A letter that I did not send to my dear uncle, who sent me a climate change denial article from a right-wing copypasta content farm

1523-4 woodblock of a skeleton playing a drum next to a well dressed man and woman

The Lady by Hans Holbein

Dear Uncle,

I guess you sent me this article because you see how worried I am about climate change on twitter and you don’t believe it’s happening. I remember you talking about the emails hacked from the Climate Research Unit at UEA several years ago, but I didn’t realize you were skeptical about the effects of climate change.

I am very sorry to say that climate change is happening. I don’t want to believe it’s true and I don’t want to believe it’s as bad as it is. My whole PhD is premised on the idea that maybe [a really important species] would be able to adapt better than our projections said because of [cool feature of their biology]. (I don’t have the answer yet, but it’s not looking promising.)

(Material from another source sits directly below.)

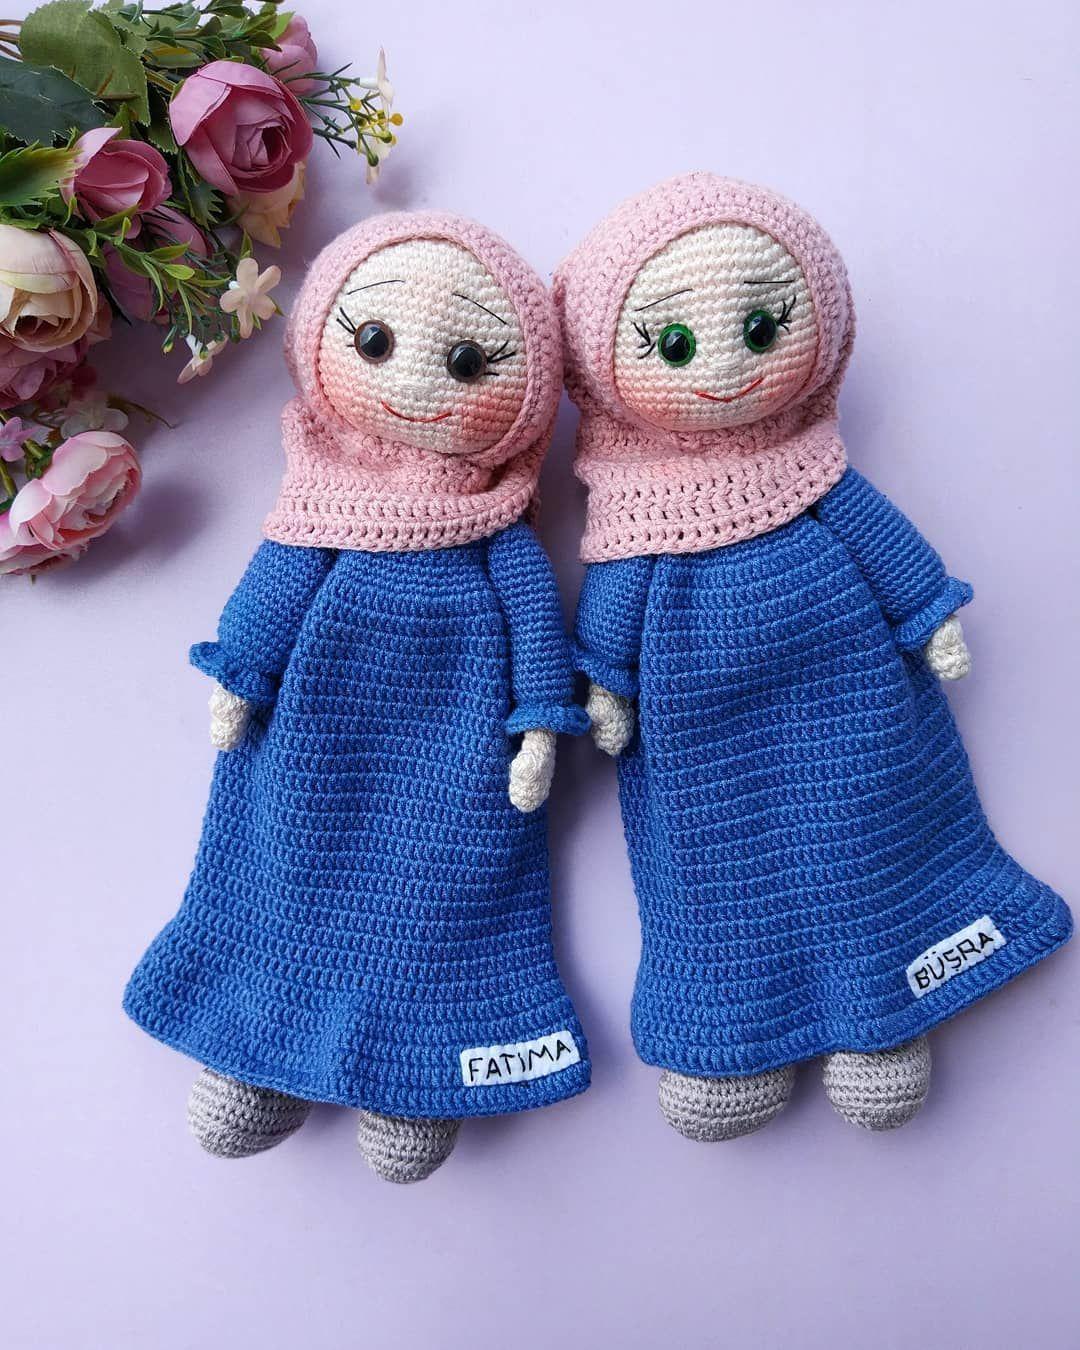 Free Easy Amigurumi Crochet Patterns Crochet Ideas Crochet Dolls
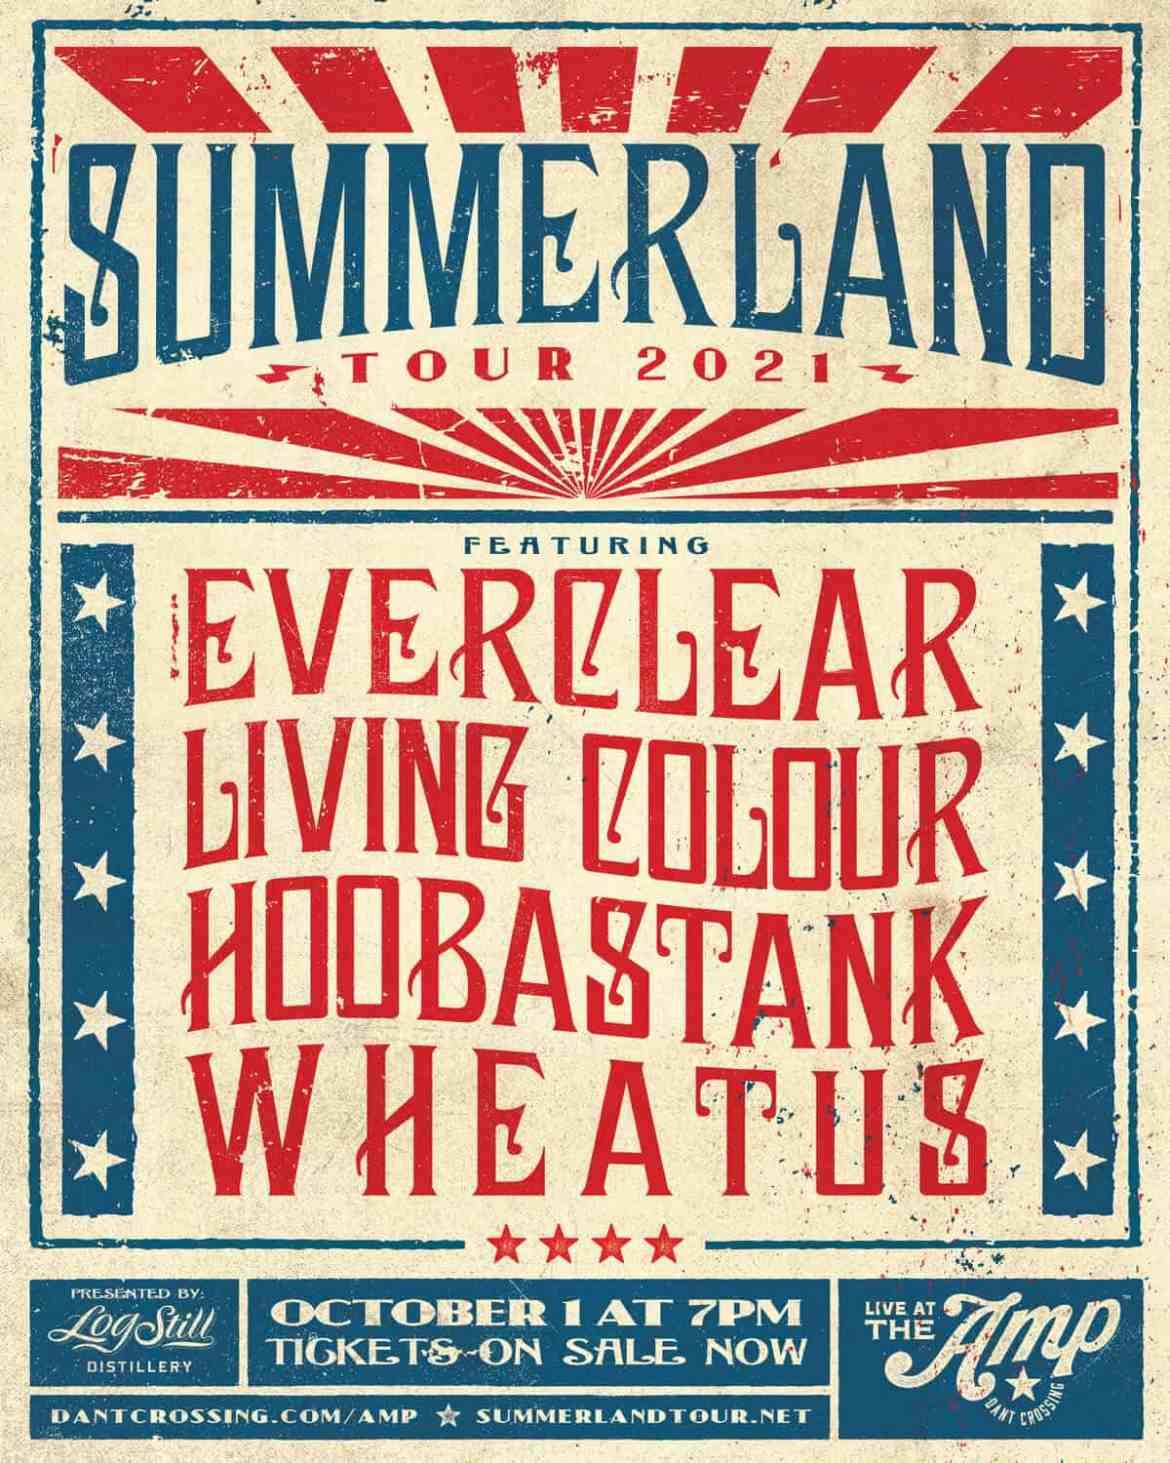 Summerland - Summerland Tour 2021 Presented by Log Still Distillery

I’ve spent the last 15 years learning about biology and ecology and the natural world and participating in the scientific process and working with other scientists. Obviously, I don’t know everything and science isn’t perfect. But most of us are trying our best and aren’t out to trick anyone. I believe climate change is happening and so does nearly every scientist I’ve ever known. We have disagreements about how fast it’s happening and what its exact effects will be and if we can survive it, but we agree that it’s going to be very, very bad.

I’m so convinced climate change is happening that I spend a great deal of time that I should be working on my PhD or that I could be doing things I love like reading novels and dancing instead writing letters to politicians and advocating for policies that would help slow climate change or at least help us adapt. I’m so convinced that I cry about it and am terrified about the world I’ll grow old in. I’m so convinced that I’ve tried to convince my mother to move (and I think you all probably should as well, especially your kids) because the southeast is going to get so much hotter and flood and fire prone during my lifetime that it’s going to severely disrupt the economy and make people very sick.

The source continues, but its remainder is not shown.